Requirement: In the entries below, find the line with "Tủ bếp dưới" and the line with "Hand drawn toucan"; give again those lines and every line between them, exactly.

Study material:
Content starts

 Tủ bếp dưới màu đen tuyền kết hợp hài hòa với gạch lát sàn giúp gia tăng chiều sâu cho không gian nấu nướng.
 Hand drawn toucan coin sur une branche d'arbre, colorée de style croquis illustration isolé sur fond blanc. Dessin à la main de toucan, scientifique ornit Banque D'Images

Content ends
Content starts

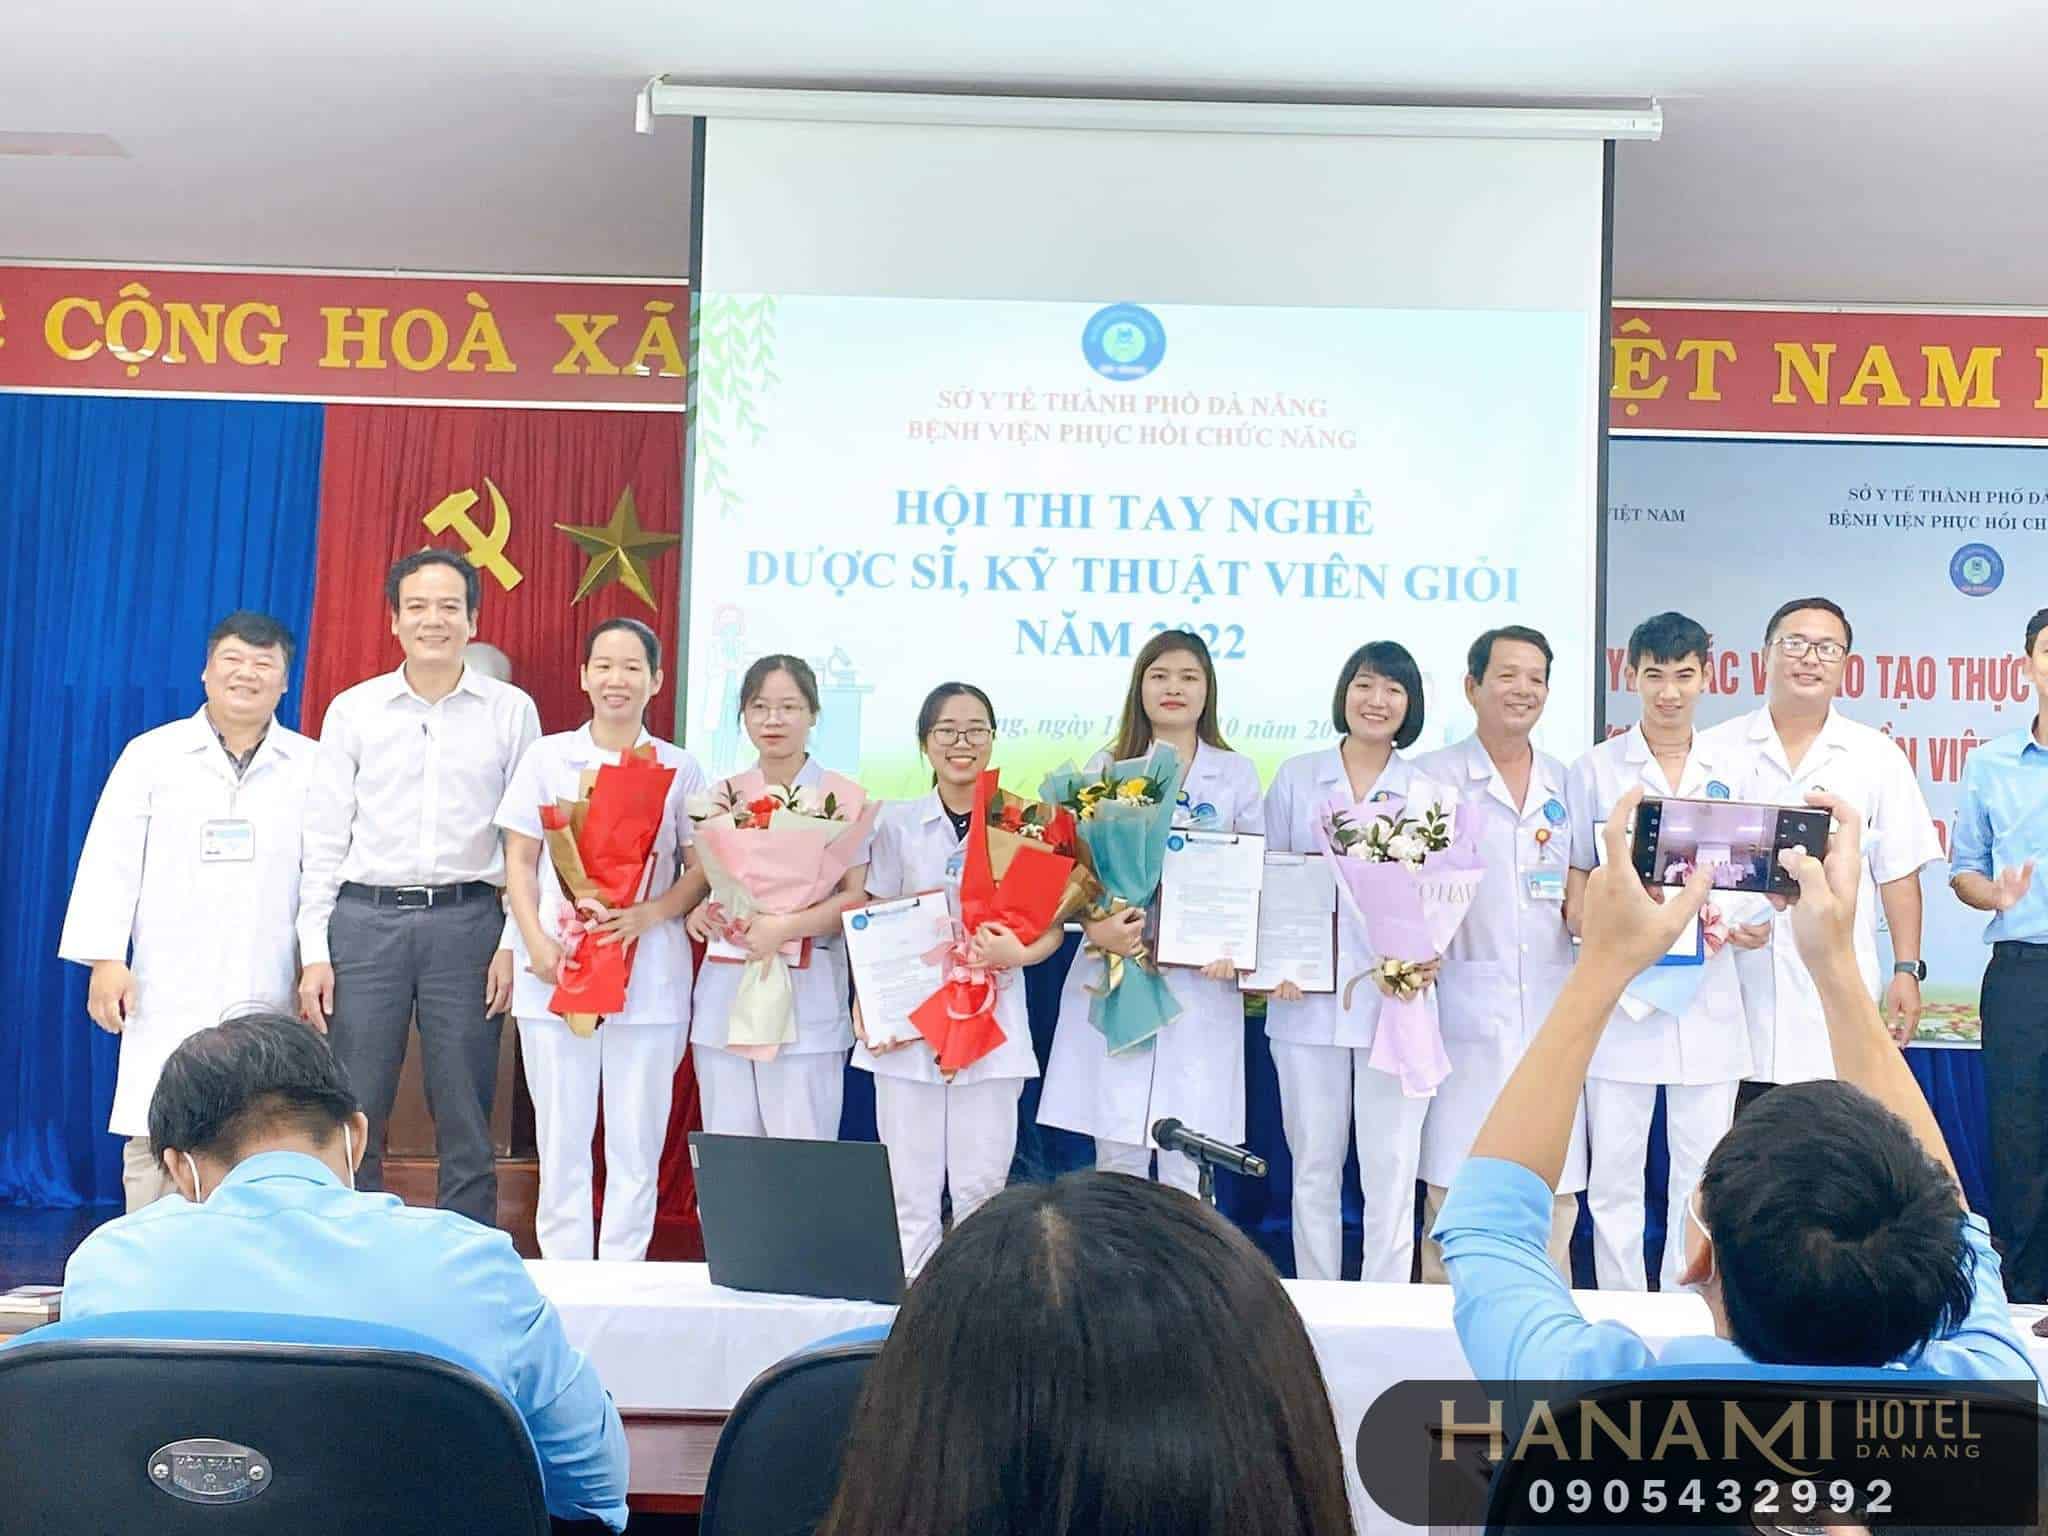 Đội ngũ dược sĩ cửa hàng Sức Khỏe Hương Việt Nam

Content ends

Answer to the problem:
 Tủ bếp dưới màu đen tuyền kết hợp hài hòa với gạch lát sàn giúp gia tăng chiều sâu cho không gian nấu nướng.
 Hand drawn toucan coin sur une branche d'arbre, colorée de style croquis illustration isolé sur fond blanc. Dessin à la main de toucan, scientifique ornit Banque D'Images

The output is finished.